From c92b5ae28222af5a1094f5d2f70a45d4d17653d5 Mon Sep 17 00:00:00 2001
From: Miguel Grinberg <miguel.grinberg@gmail.com>
Date: Sun, 2 Mar 2025 00:47:54 +0000
Subject: [PATCH] Redesigned the URL parser to allow for custom path components

---
 docs/intro.rst            | 44 ++++++++++++++++--
 src/microdot/microdot.py  | 98 ++++++++++++++-------------------------
 tests/test_url_pattern.py | 23 +++++++++
 3 files changed, 97 insertions(+), 68 deletions(-)

diff --git a/docs/intro.rst b/docs/intro.rst
index f84122c..b381d93 100644
--- a/docs/intro.rst
+++ b/docs/intro.rst
@@ -329,15 +329,51 @@ URL::
     async def get_test(request, path):
         return 'Test: ' + path
 
-For the most control, the ``re`` type allows the application to provide a
-custom regular expression for the dynamic component. The next example defines
-a route that only matches usernames that begin with an upper or lower case
-letter, followed by a sequence of letters or numbers::
+The ``re`` type allows the application to provide a custom regular expression
+for the dynamic component.
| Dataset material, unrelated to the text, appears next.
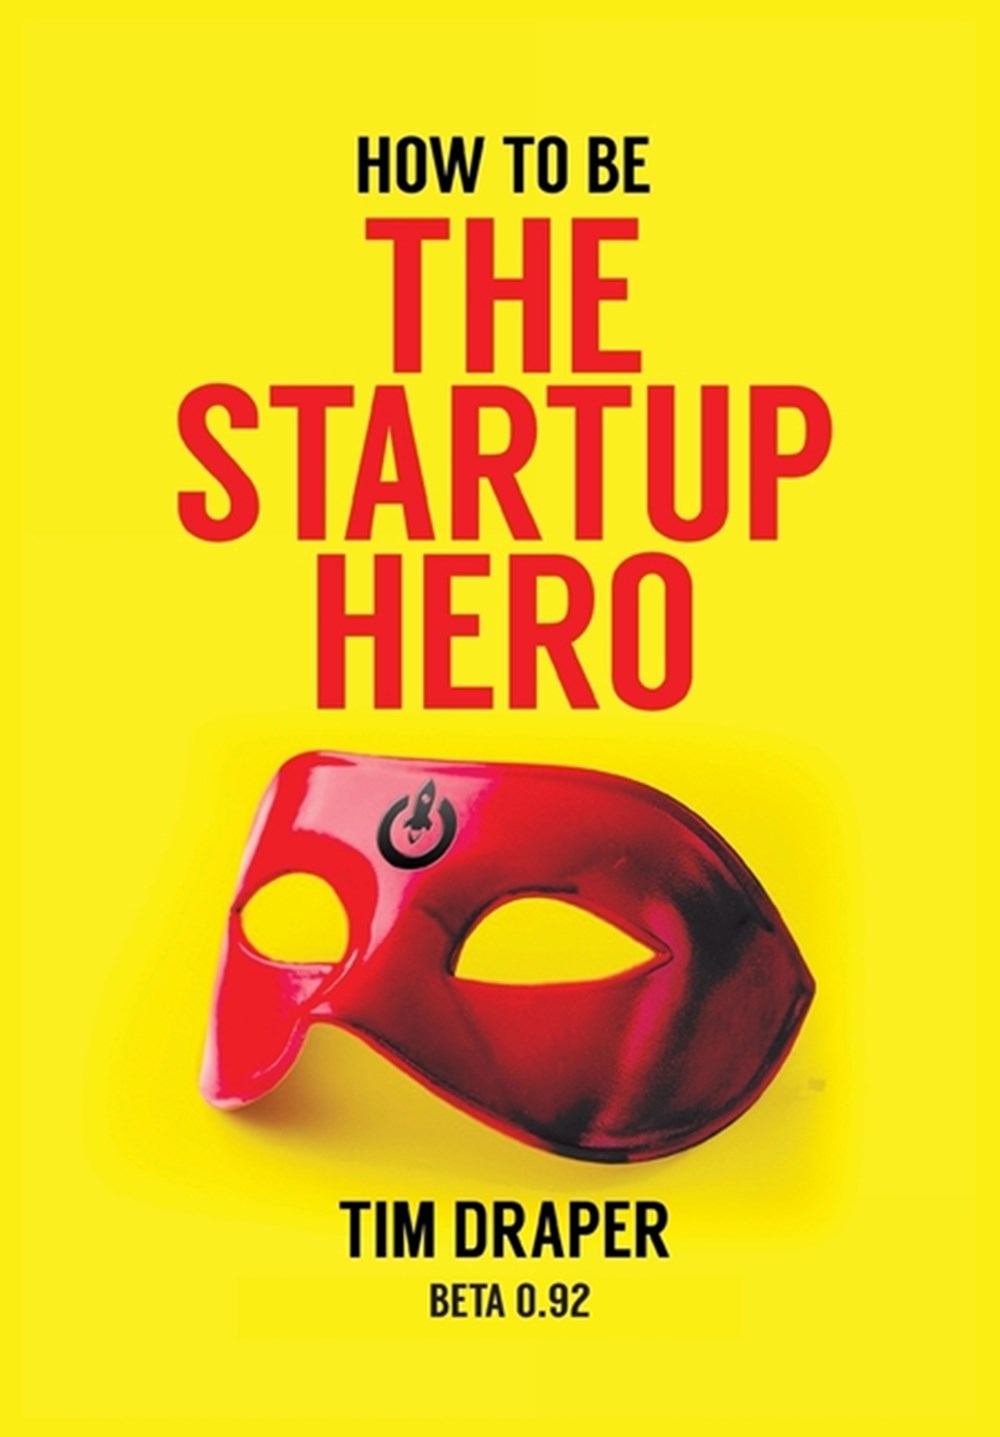 How to be The Startup Hero Beta 0.92

The next example defines a route that only matches
+usernames that begin with an upper or lower case letter, followed by a sequence
+of letters or numbers::
 
     @app.get('/users/<re:[a-zA-Z][a-zA-Z0-9]*:username>')
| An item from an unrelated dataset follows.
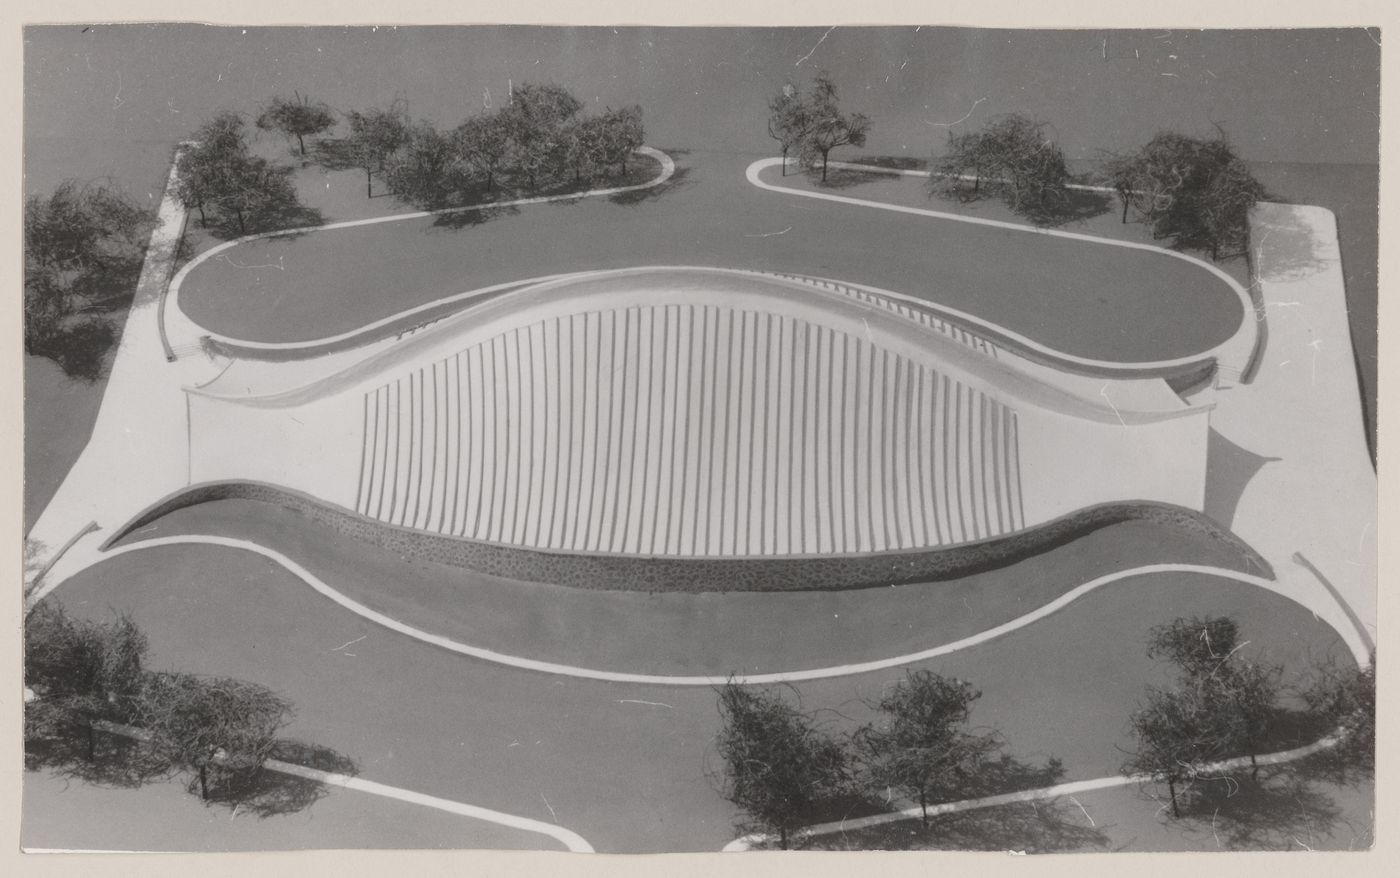 View of model for David S. Ingalls Hockey Rink, New Haven, Connecticut, United States

     async def get_user(request, username):
         return 'User: ' + username
 
+The ``re`` type returns the URL component as a string, which sometimes may not
+be the most convenient. In such cases, the application can register a custom
+URL component type and provide a parser function. In the following example,
+a ``hex`` custom type is registered to automatically convert the arguments to
+numbers::
+
+    from microdot import URLPattern
+
+    URLPattern.register_type('hex', parser=lambda value: int(value, 16))
+
+    @app.get('/users/<hex:user_id>')
+    async def get_user(request, user_id):
+        user = get_user_by_id(user_id)
+        # ...
+
+In addition to the parser, the custom URL component can include a valid pattern
+as a regular expression. When a pattern is provided, the URL component will
+only match if the regular expression matches the value passed in the URL. The
+``hex`` example above can be expanded with a pattern as follows::
+
+    URLPattern.register_type('hex', pattern='[0-9a-fA-F]+',
+                             parser=lambda value: int(value, 16))
+
+In cases where a pattern isn't provided, or when the pattern is unable to
+filter all invalid values, the parser function can return ``None`` to indicate
+a failed match. The next example shows how the ``hex`` type can be expanded to
+do that::
+
+    def hex_parser(value):
+        try:
+            return int(value, 16)
+        except ValueError:
+            return None
+
+    URLPattern.register_type('hex', pattern='[0-9a-fA-F]+', parser=hex_parser)
+
 .. note::
    Dynamic path components are passed to route functions as keyword arguments,
    so the names of the function arguments must match the names declared in the
diff --git a/src/microdot/microdot.py b/src/microdot/microdot.py
index 061e12b..e8bdcaa 100644
--- a/src/microdot/microdot.py
+++ b/src/microdot/microdot.py
@@ -8,6 +8,7 @@ servers for MicroPython and standard Python.
 import asyncio
 import io
 import json
+import re
 import time
 
 try:
@@ -805,12 +806,20 @@ class Response:
 
 
 class URLPattern():
+    segment_patterns = {
+        'string': '/([^/]+)',
+        'int': '/(-?\\d+)',
+        'path': '/(.+)',
+    }
+    segment_parsers = {
+        'int': lambda value: int(value),
+    }
+
     def __init__(self, url_pattern):
         self.url_pattern = url_pattern
         self.segments = []
         self.regex = None
         pattern = ''
-        use_regex = False
         for segment in url_pattern.lstrip('/').split('/'):
             if segment and segment[0] == '<':
                 if segment[-1] != '>':
@@ -822,82 +831,43 @@ class URLPattern():
                     type_ = 'string'
                     name = segment
                 parser = None
-                if type_ == 'string':
-                    parser = self._string_segment
-                    pattern += '/([^/]+)'
-                elif type_ == 'int':
-                    parser = self._int_segment
-                    pattern += '/(-?\\d+)'
-                elif type_ == 'path':
-                    use_regex = True
-                    pattern += '/(.+)'
-                elif type_.startswith('re:'):
-                    use_regex = True
+                if type_.startswith('re:'):
                     pattern += '/({pattern})'.format(pattern=type_[3:])
                 else:
-                    raise ValueError('invalid URL segment type')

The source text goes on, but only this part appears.